I really enjoyed the actual punch needle part of the project. It’s a really satisfying craft that gets quick results. You can see the effects of your work straight away and it doesn’t take long to fill in an area. Most of the design was filled in working from the front to the back using the flatter stitch to create the blocks of colour. This meant it was important to be neat and work the stitches closely together. The smaller flowers and anthers of the larger flower were created working from the back to the front to achieve the looped stitches, which gave it a nice 3D effect.

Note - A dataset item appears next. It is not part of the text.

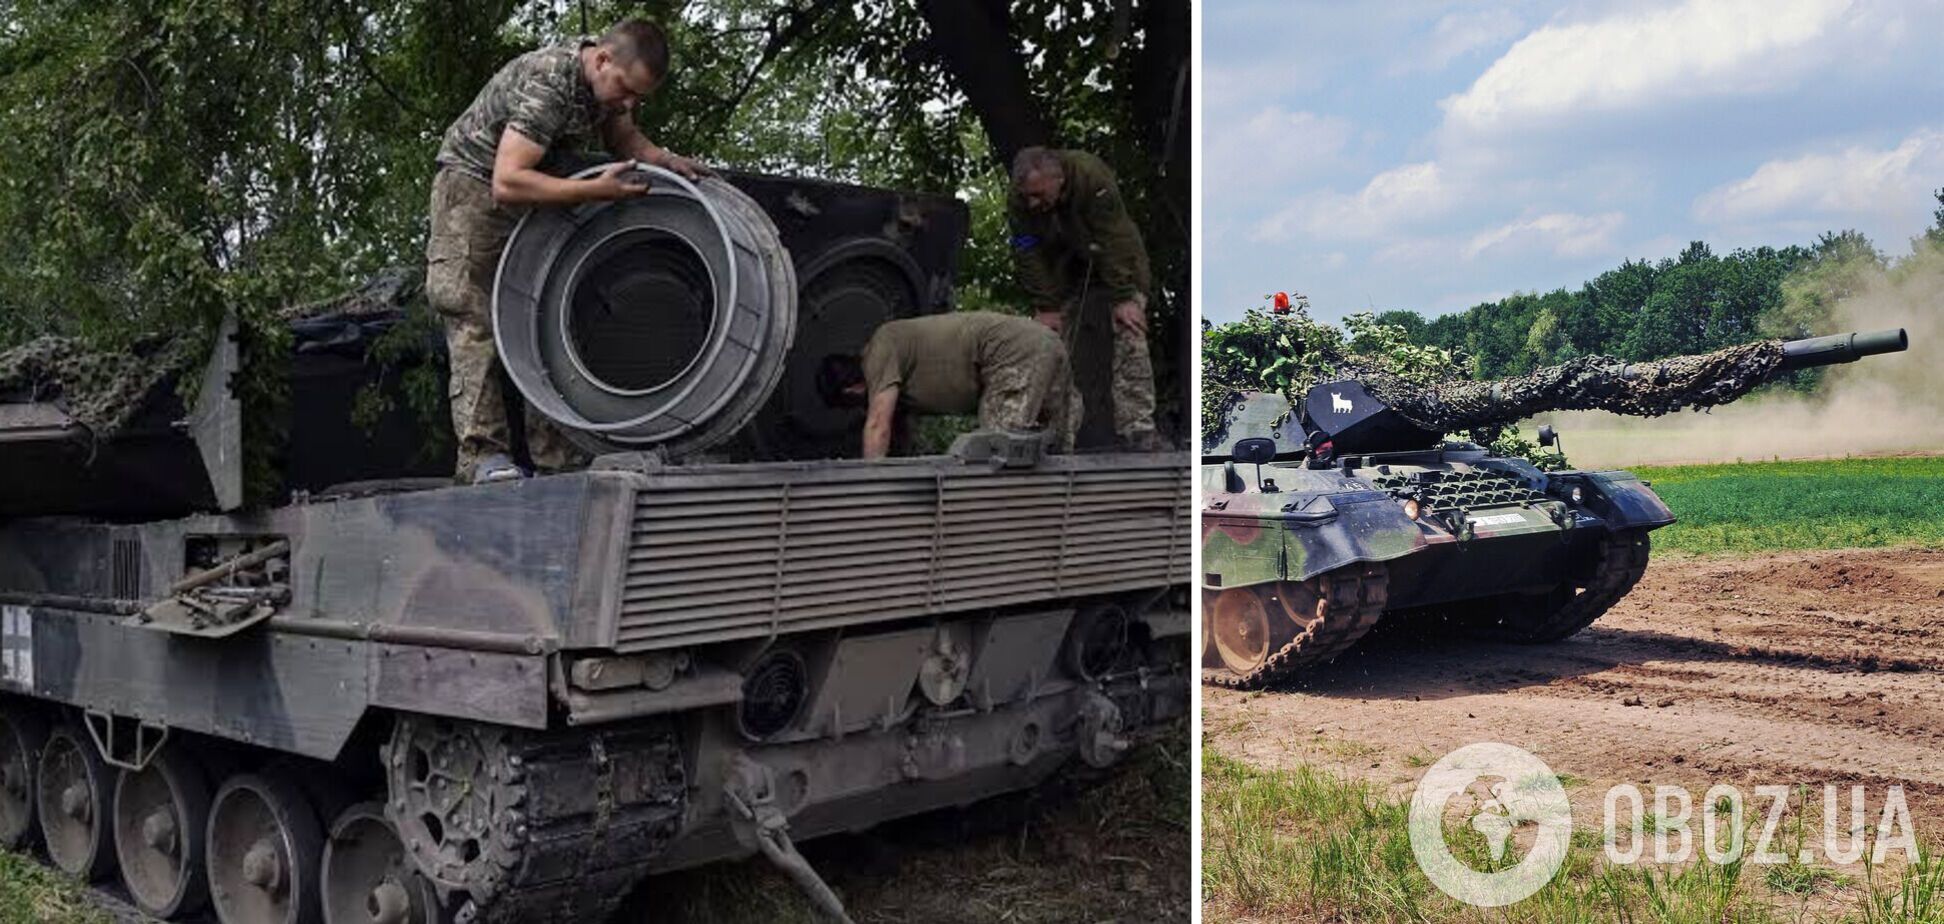 Меньше, чем писали россияне: западные СМИ посчитали, сколько танков Leopard 2 потеряла Украина за время контрнаступления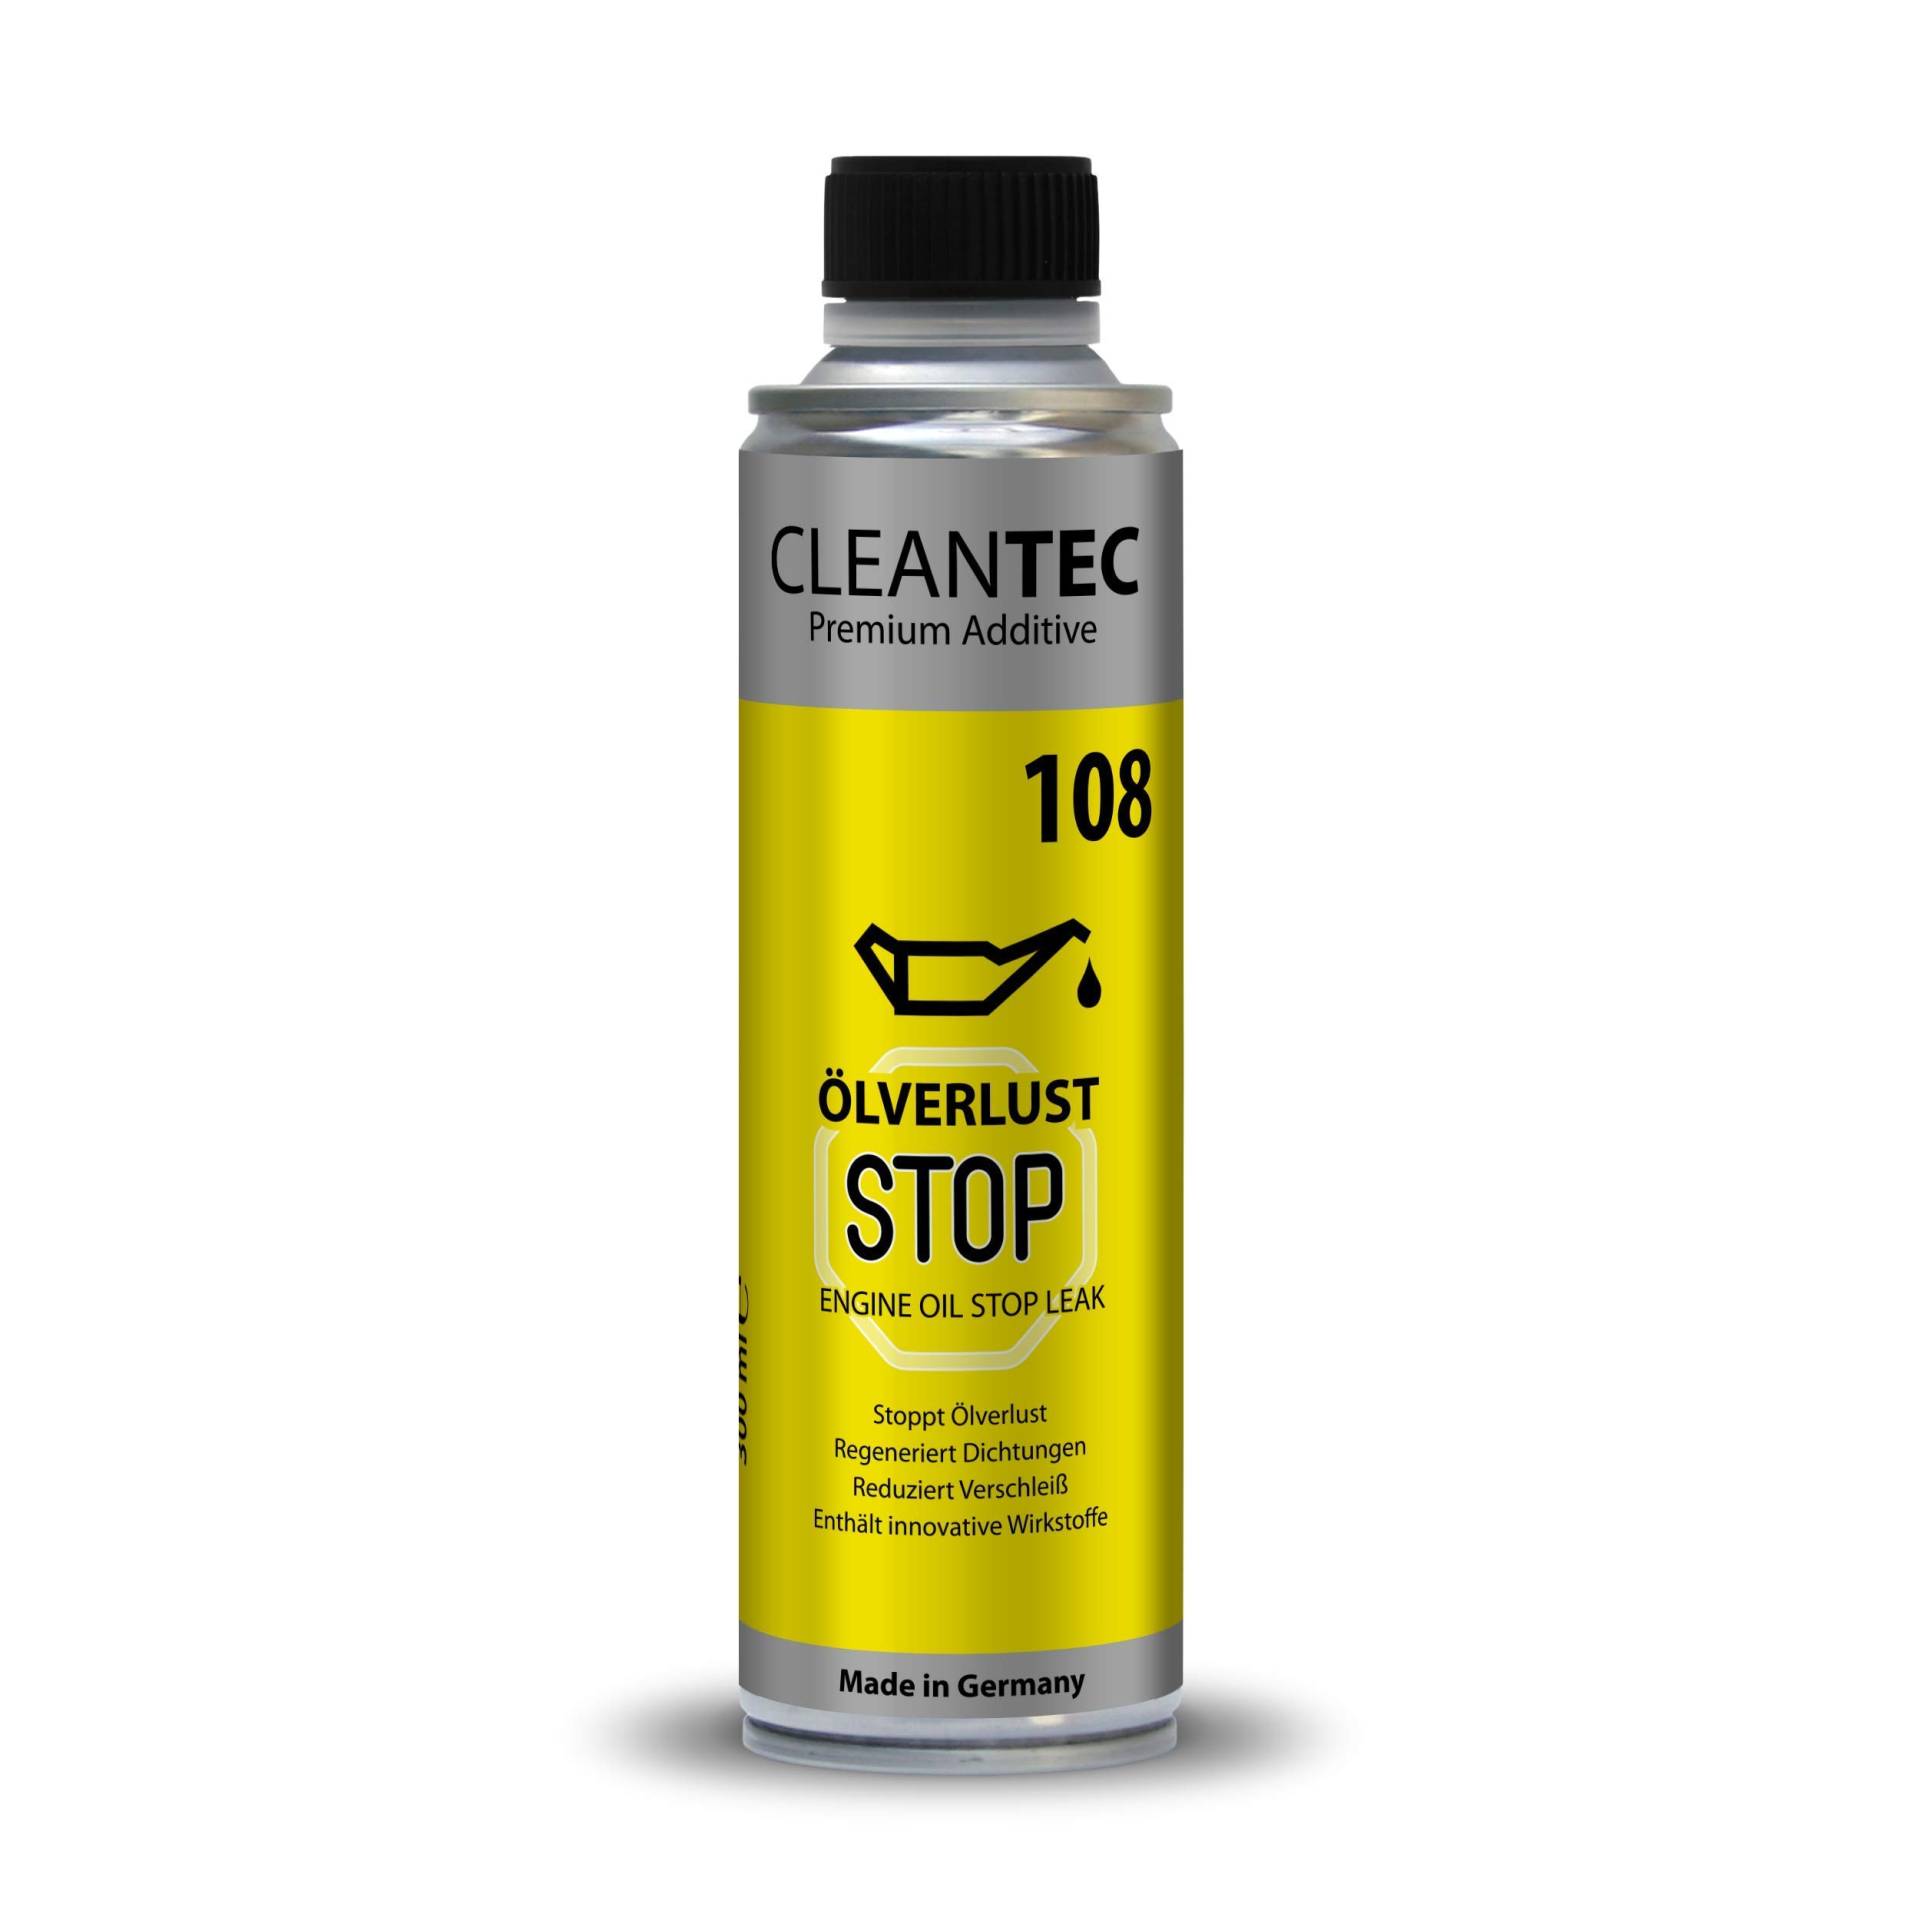 CleanTEC 108 Ölverlust Stop Regeneriert Dichtungen und verhindert Ölverlust 300ml Leck Stop Versiegelung 1L/49,66Euro (1) von cms CleanTEC GmbH

There was the option to leave it as a wall hanging but I wanted to complete the project so I followed the next steps to turn it into a cushion. I marked out the 12 inch circle from the pattern onto each of the three pieces of fabric and then added a 1 inch seam allowance. After cutting out all three I pinned the hessian and lining cotton together and sewed around them. The navy lining cotton is to prevent the white cushion pad showing through the hessian. I then pinned the felt backing to the front of the hessian so that the design was covered over. After sewing these together, leaving a gap to put the cushion pad through, I then trimmed the seam allowance down to 1cm and cut notches in it so that it wouldn’t be bulky when I turned it the right way round. Once I had pulled it through so that the design was showing I stuffed the cushion pad inside, making sure it was pushed right to the edges. Lastly, I pinned the two sides together and sewed up the gap.

There was also a mini project in the box as usual. A ‘peace and dove’ postcard to embroider. There were no holes pre-punched in it, so it was up to me to choose where to place them, which was unfortunate as some of my holes were too close and ended up merging together! It still looked ok in the end though. Another one for the wall!